SummaryPlant pathogens secrete effector molecules during host invasion to promote colonization. However, some of these effectors become recognized by host receptors to mount a defence response and establish immunity. Recently, a novel resistance was identified in wild tomato, mediated by the single dominant V2 locus, to control strains of the soil‐borne vascular wilt fungus Verticillium dahliae that belong to race 2. With comparative genomics of race 2 strains and resistance‐breaking race 3 strains, we identified the avirulence effector that activates V2 resistance, termed Av2. We identified 277 kb of race 2‐specific sequence comprising only two genes encoding predicted secreted proteins that are expressed during tomato colonization. Subsequent functional analysis based on genetic complementation into race 3 isolates and targeted deletion from the race 1 isolate JR2 and race 2 isolate TO22 confirmed that one of the two candidates encodes the avirulence effector Av2 that is recognized in V2 tomato plants. Two Av2 allelic variants were identified that encode Av2 variants that differ by a single acid.

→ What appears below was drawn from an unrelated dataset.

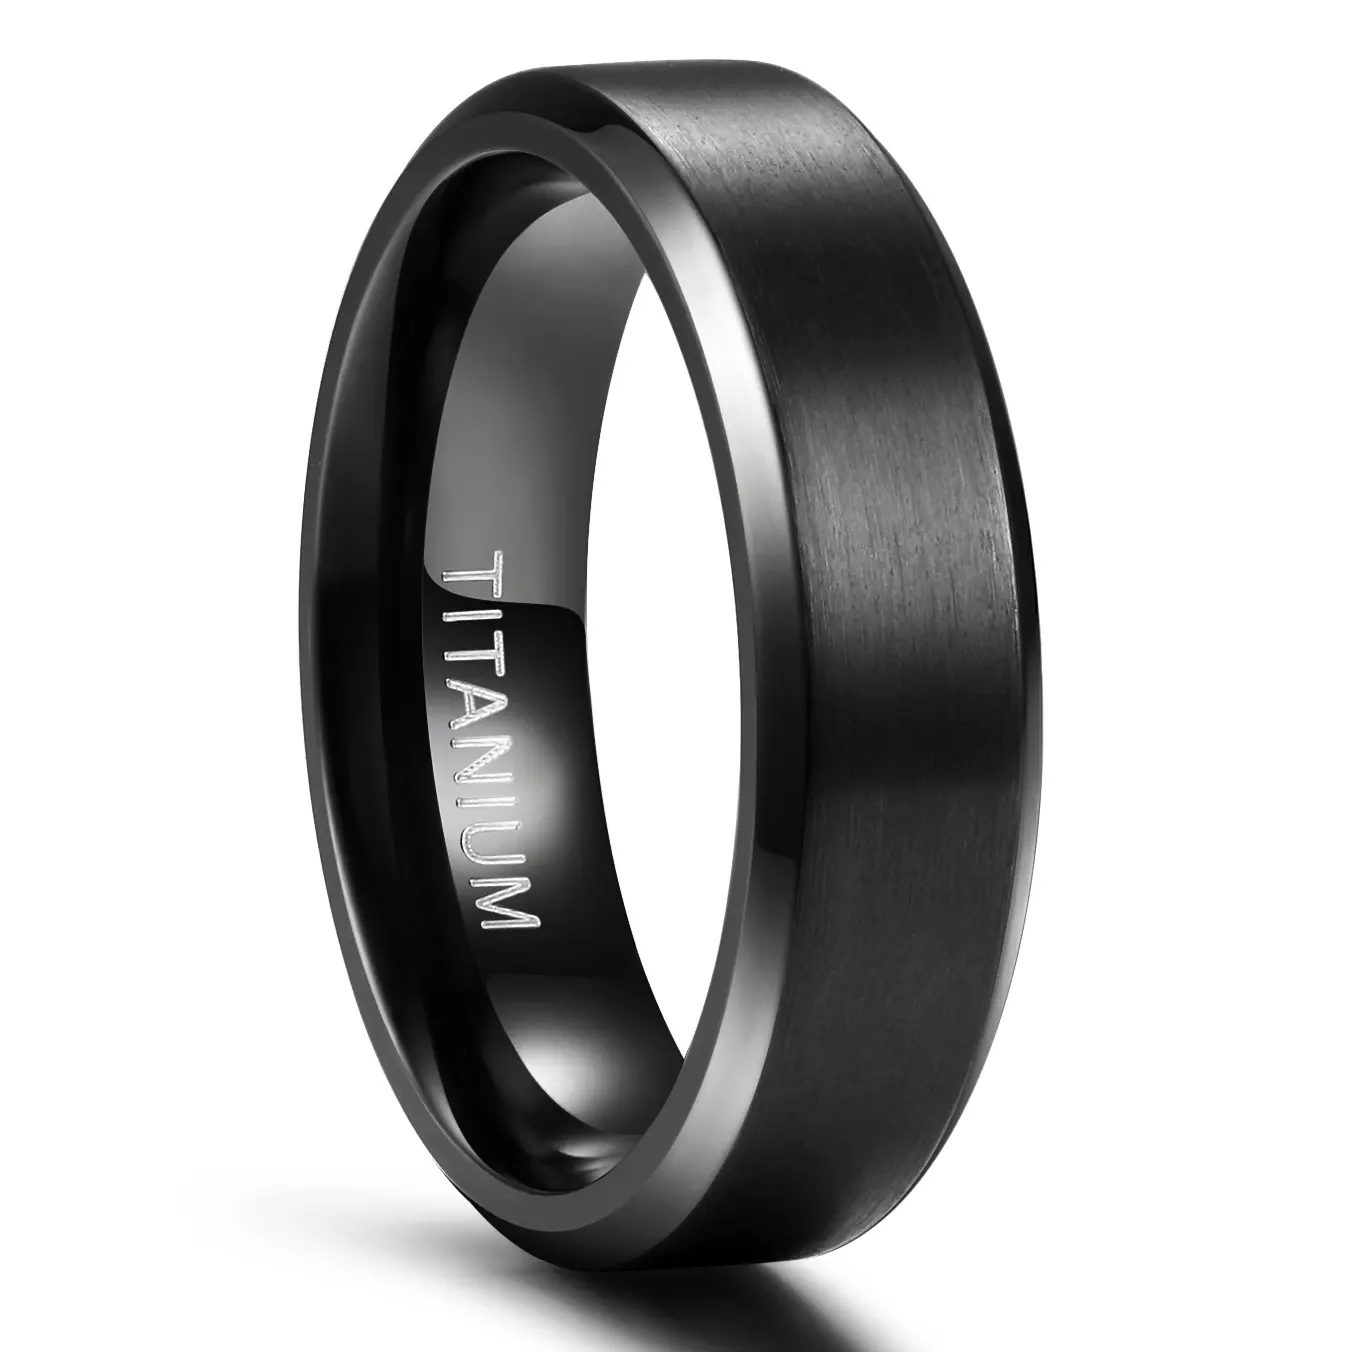 Somen 6mm 8mm Titanium Ring Men Women Black Matte Wedding Engagement Band Brushed Unisex Couple Rings Fashion Jewelry Size 6-14

Thus far, a role in virulence could not be demonstrated for either of the two variants.

Highlights

  • In nature, plants are continuously threatened by potential plant pathogens

  • pathogen- or microbe-associated molecular patterns (P/MAMPs) are perceived by cell surfacelocalized pattern recognition receptors (PRRs) to trigger pattern-triggered immunity (PTI), while effectors are recognized by cytoplasmic receptors that are known as resistance (R) proteins to activate effector-triggered immunity (ETI) (Jones and Dangl, 2006)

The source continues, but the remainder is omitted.